For some of us, the Christmas we will celebrate this year pales in comparison to wonderful Christmases of our past for many reasons.  Some of our loved ones who were central to our living are not where I am. Perhaps I am dealing with an illness, which leaves me tired and unable to cope with the energetic joy of the day.

For some of us, Christmas will be just another day. Unable to let go of pressures, unable to go out to Church to be with a faith community and without family or friends to be with, Christmas will be a day we are tempted to ignore.

For some of us, Christmas challenges us with large financial burdens. Children today become victims of the gross commercial exploitation of the day. For those of us struggling to make ends meet on a day-to-day basis, feeling the cultural pressure of buying for our children things which we can’t afford can lead us to put more debt on the credit card in ways that simply push us further behind.
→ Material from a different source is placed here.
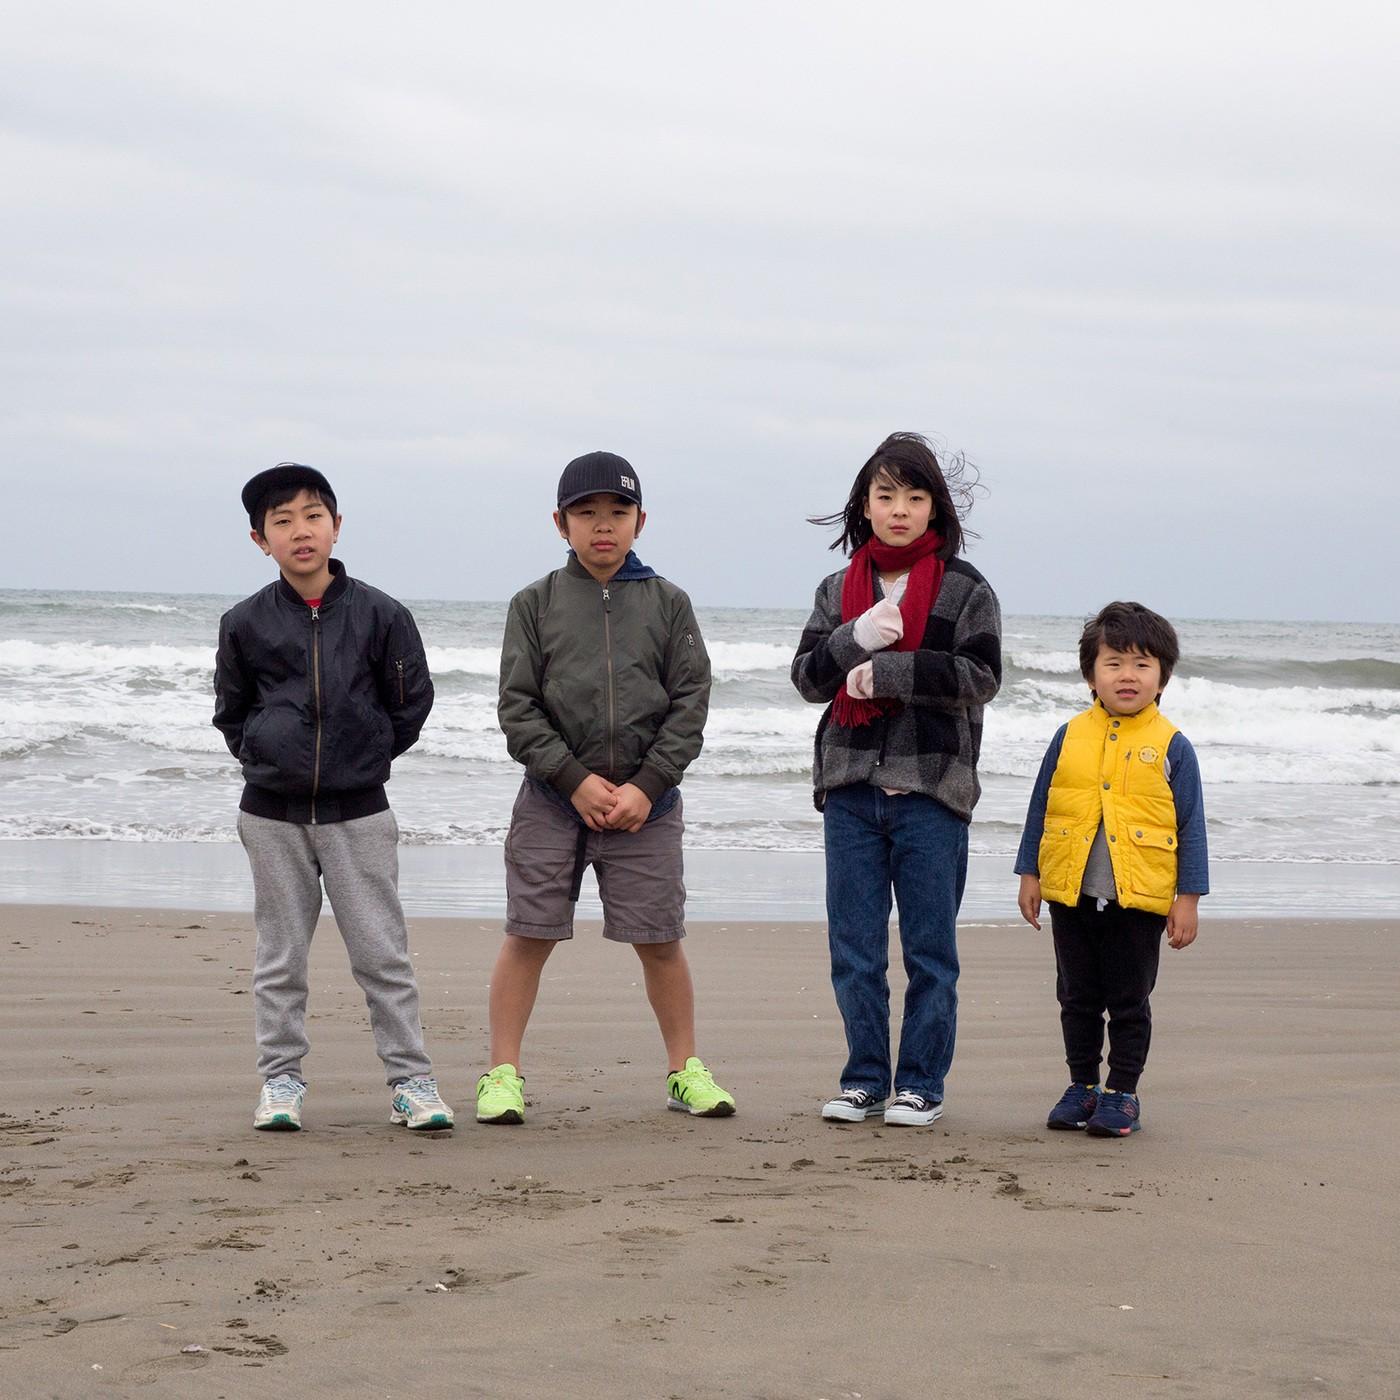 Sunny Day Service (サニーデイ・サービス) – the SEA [FLAC / WEB] [2018.08.08]

Some of us, might be really looking forward to Christmas, and not be aware of these struggles with Christmas, yet feel, that, in spite of our best efforts to make Advent different this year, there is still something missing and  we still feel un-ready for Christmas.

For all of us, the story behind these days can draw us in, and invite us to bring our lives to the mystery of how Jesus came into the mystery of how Jesus came into this world and why. Our best preparation for the Holy Night ahead and the Joyful Morning to follow is for us to reflect upon how he came. He came in the midst of scandal and conflict. He came in povery. He was rejected before he was born. He was born in a feed trough. He was hunted down and he grew up in obscurity.

Our Saviour did not shun our world and its poverty and conflict. He embraced it. Jesus desires to embrace us today, in this day right where we are, right where we are feeling most distant, right where we are feeling least “religious” and “ready”.

If we let him come into our hearts to be our Saviour these challenging days, we will find ourselves entering the sacred night and morning of Christmas “joyful and triumphant” as never before.

Come, Lord Jesus.  Come and visit your people.

We await your coming. Come , O Lord.